Copy each line below word for word and drop every image.

Information shown -

# # # # # # #

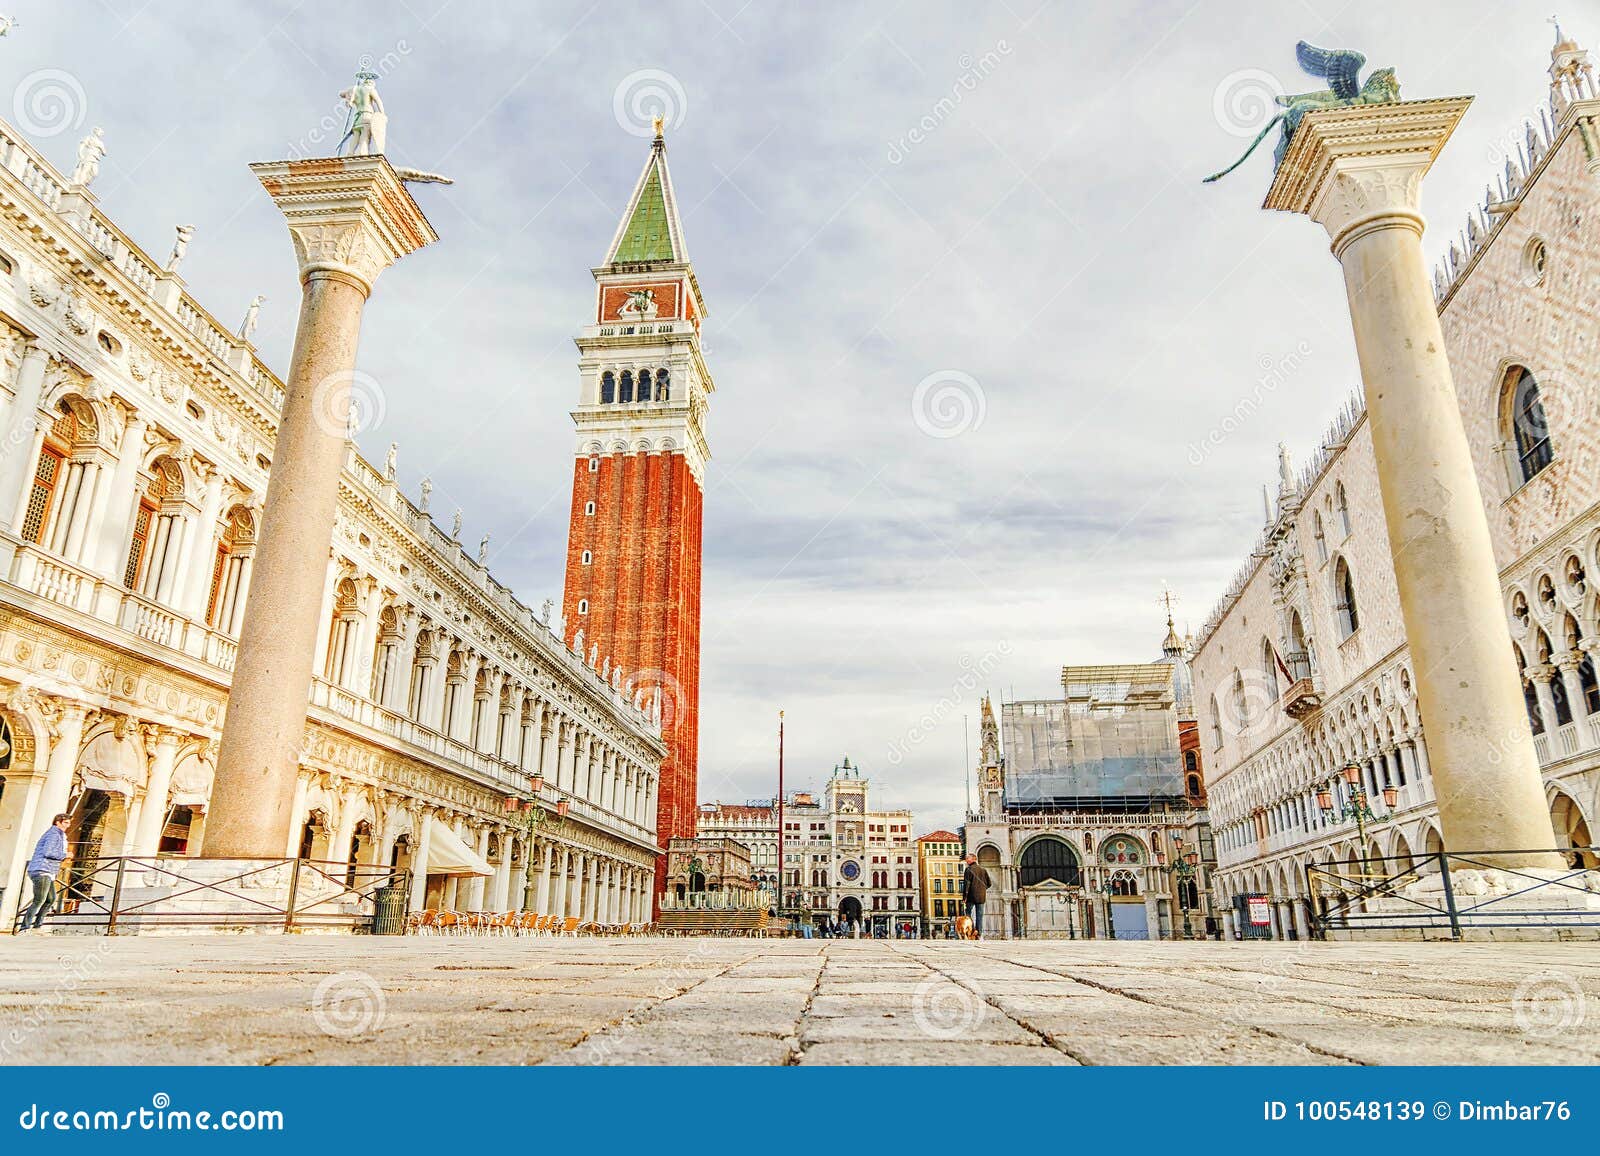 San Marco Square In The Morning Venice Italy Stock Image
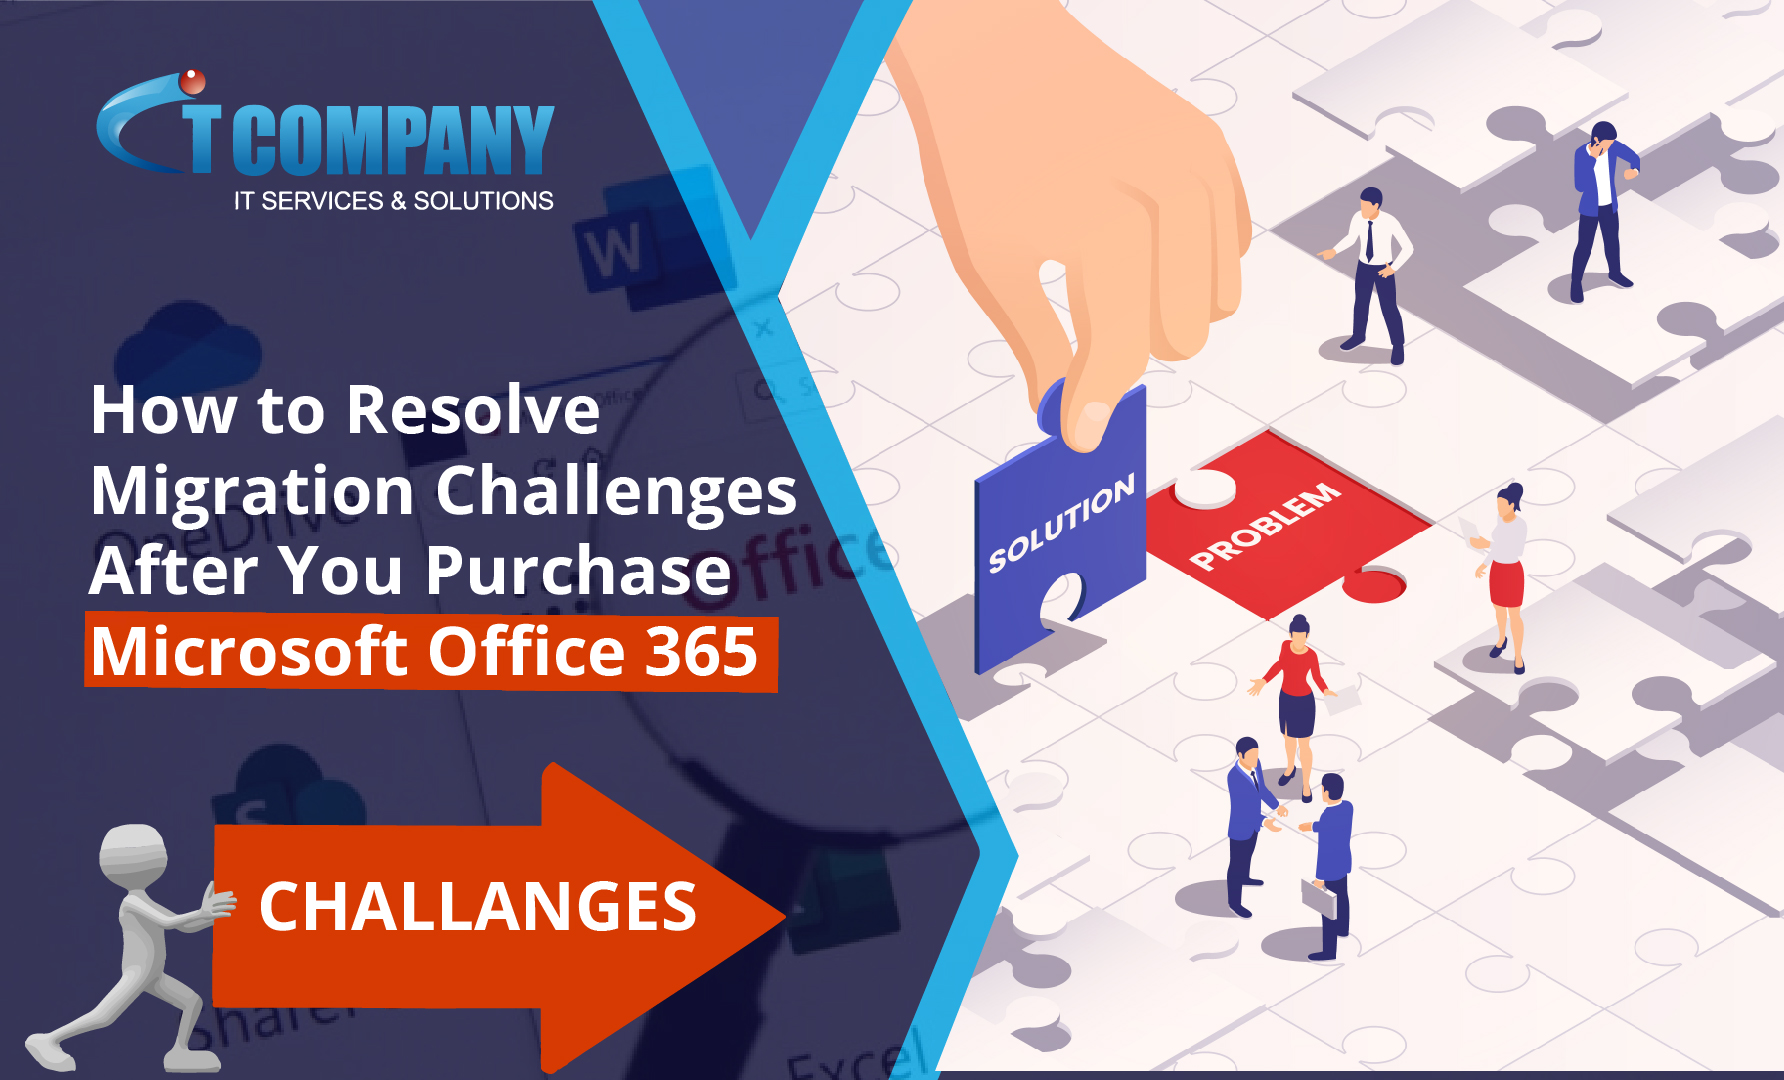 Resolve Migration Challenges After Purchase Microsoft Office 365
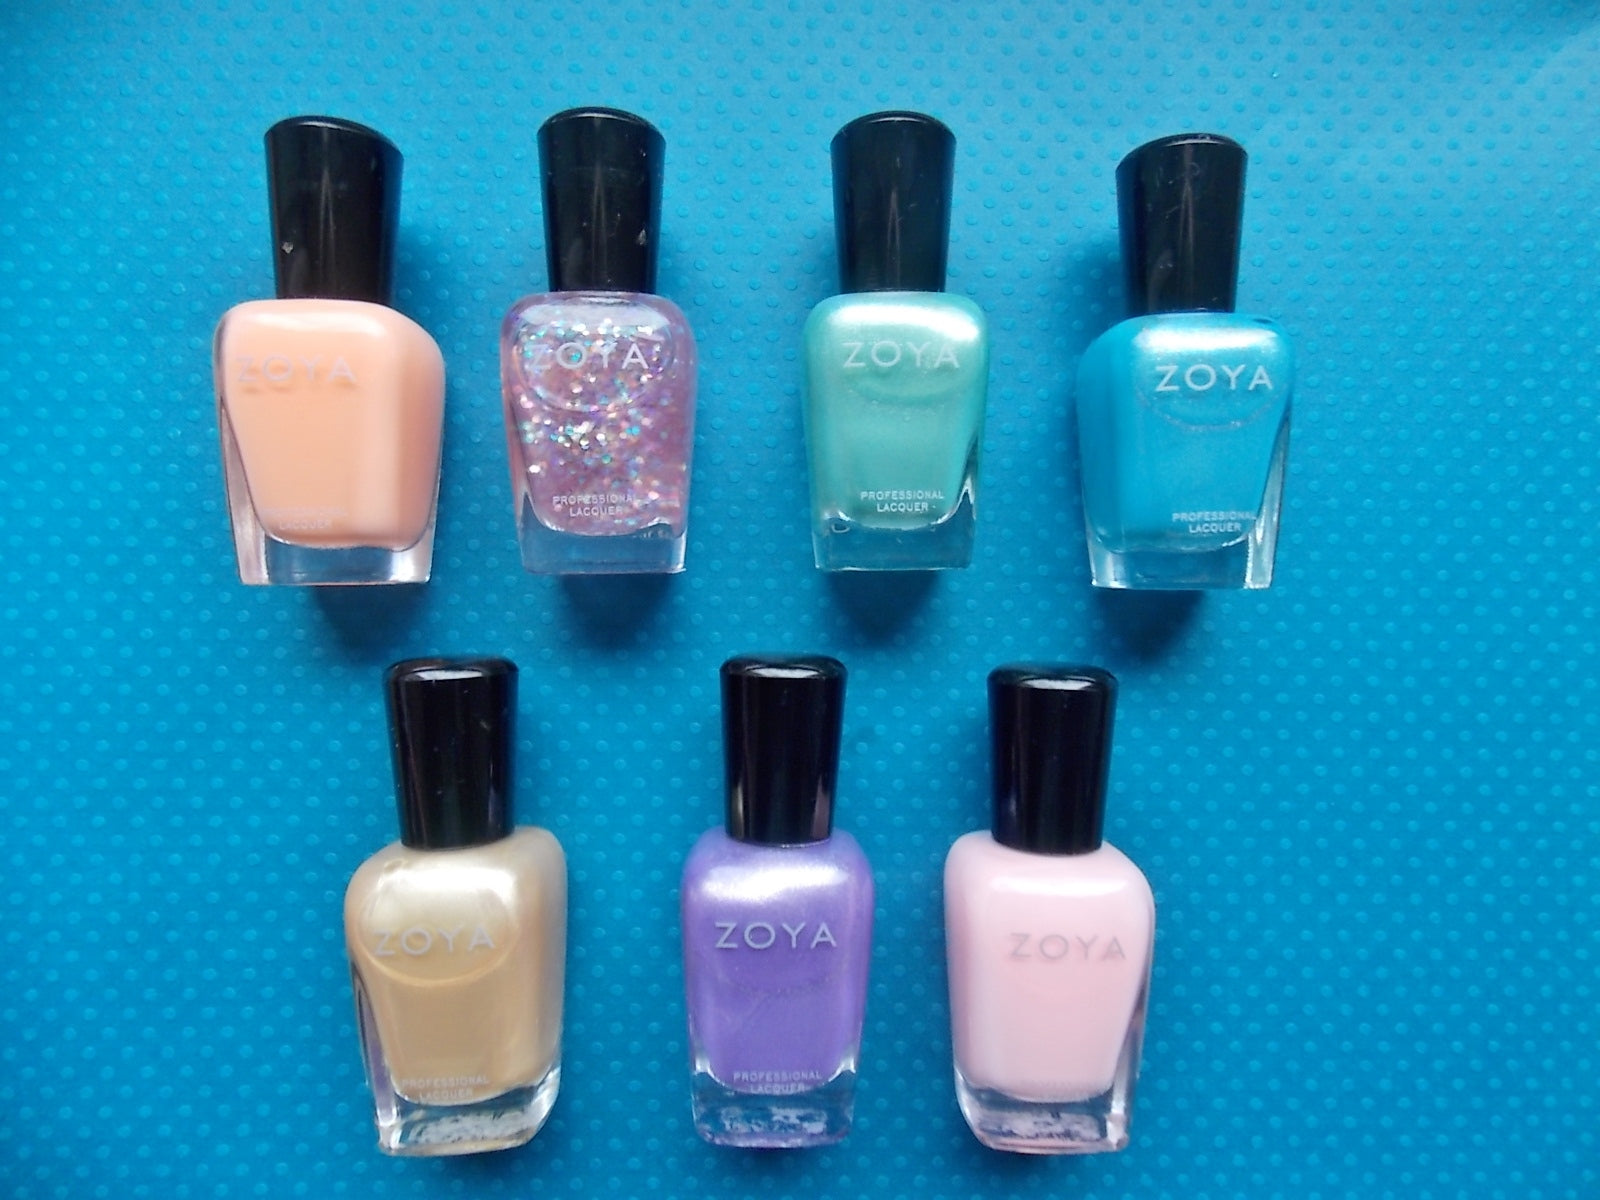 Review, Swatches: Spring 2014 Zoya Awaken Nail Polish Collection - Pastel Shades With Metallic Finishes

# # # # # # #

Output -
 San Marco Square In The Morning Venice Italy Stock Image
 Resolve Migration Challenges After Purchase Microsoft Office 365
 Review, Swatches: Spring 2014 Zoya Awaken Nail Polish Collection - Pastel Shades With Metallic Finishes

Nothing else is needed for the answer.